The single best upper-body strength training exercise you can possibly do after 60!
To stay independent and active in your 60s and beyond, it’s essential to maintain your upper body strength.
A stronger upper body is vital to everyday tasks and to keep up with your mobility, flexibility, and heart health.
Your upper body includes muscles that are in your shoulders, back, chest, and arms.
Together, they help you lift and carry grocery bags, pick up your laundry basket, and mow the lawn.
They are also an indispensable part of keeping your posture and upper body stability and overall balance. In which, you may see a natural decline with aging unless you help to maintain with exercise.
Without strengthening those upper body muscles, you may be more prone to injuries, poor posture, and reduced stability.
For those who need extra care for heart health, strengthening your upper body also contributes to a better heart. Your heart is encompassed by the muscles in your upper body (1).
Adding exercise to your routine can benefit your heart by increasing blood flow and improving your cardiac and skeletal muscle mass (2).
If your regular workout routine lacks an upper body-focused exercise, it’s time to add one to your regimen.
One nearly-perfect upper body exercise you can start with in your 60s is the pushups.
And if the difficulty of the exercise makes you quench, it shouldn’t.
Pushups can be adjusted to fit any strength and fitness level.
Adding elevation to this upper body exercise can take some gravity off and lessens the difficulty.
If you are a complete beginner, you can even start with a wall pushup and walk your way up to a floor pushup.
What’s critical is you perform the exercise with the proper form.
Learn the correct way to perform a pushup.
How to Perform a Proper Pushup
- Place your hands slightly wider than shoulder-width apart at chest level.
- Adjust your feet so they are just about hip-width apart and perfectly in line with the body. Don’t let your toes or heels point inward or outward. They should be parallel to each other.

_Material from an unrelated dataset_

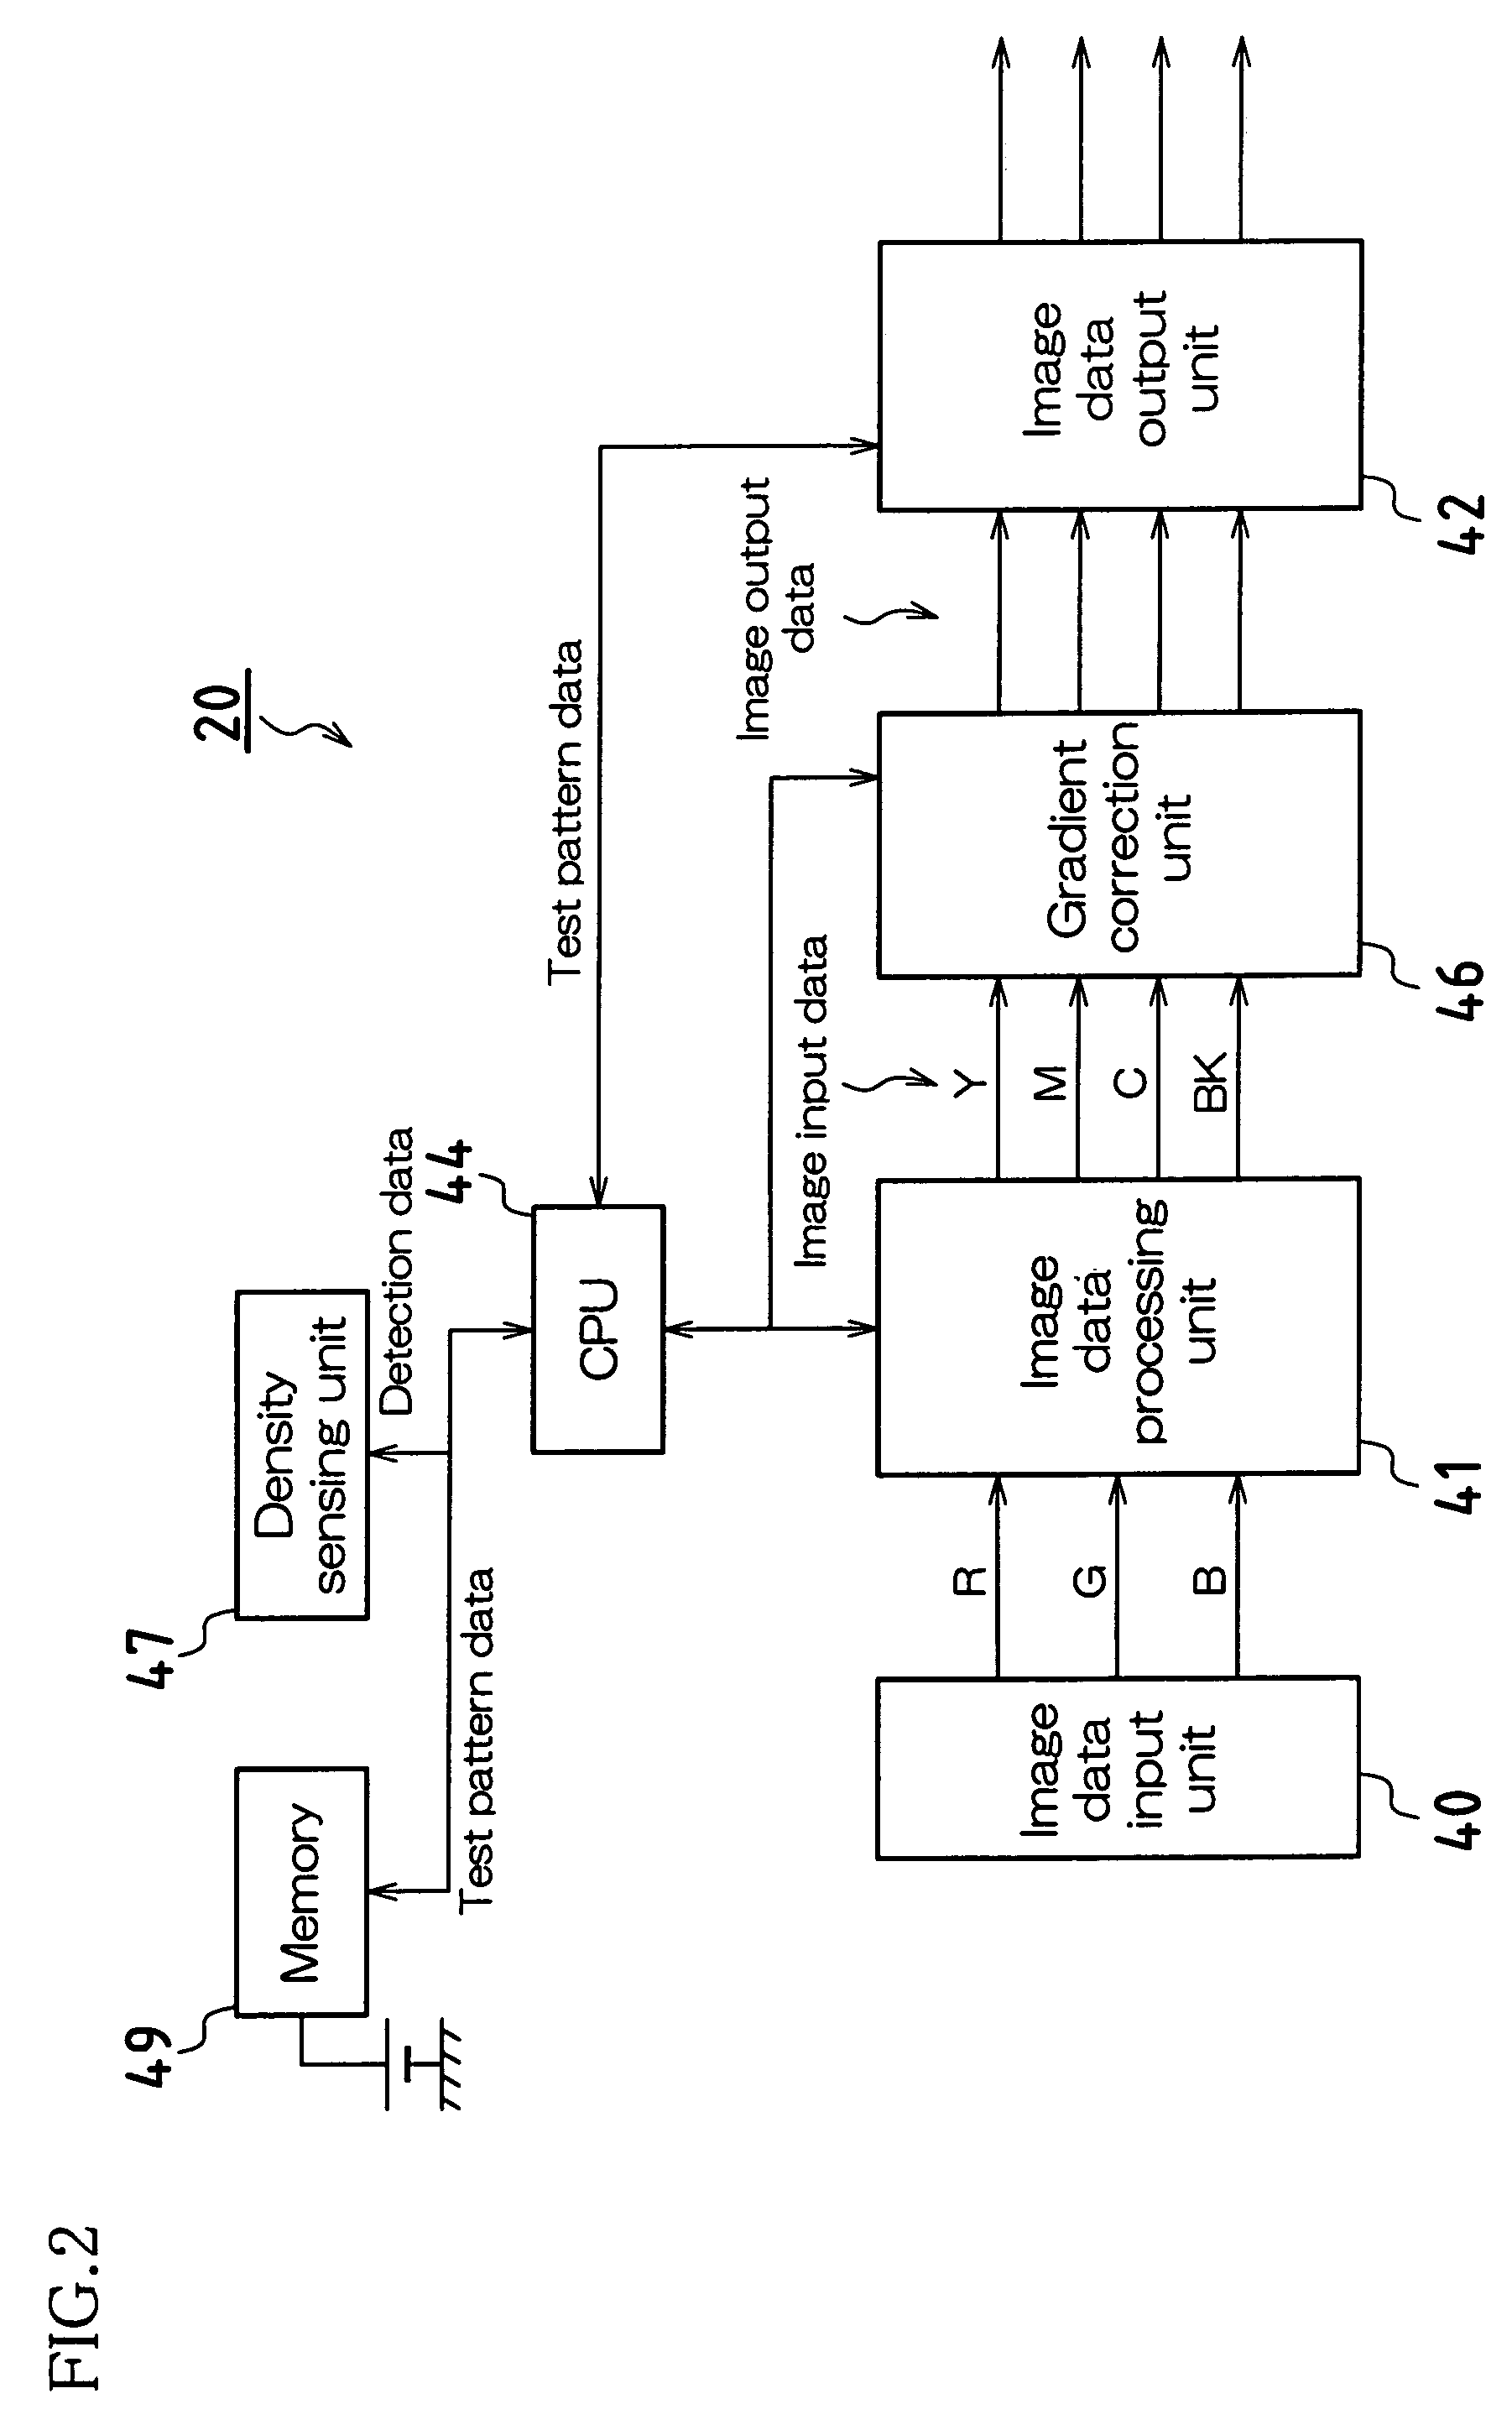 Image correction method and image forming apparatus

- Form a straight line from your shoulders to the hips and pull your belly button in to maintain a natural curve on your back.
- Don’t let your head drop and keep it in line with the shoulders.
- Engage your core and squeeze the glutes. Bend the elbows to lower your chest and hips toward the floor (or any surface you are using) and stop when you reach as close to it as possible.
- Engage the chest, triceps, and core. Press through the hands to push your body up to the starting position.
- Repeat 7-10 times to start. You can increase the reps you improve your fitness level.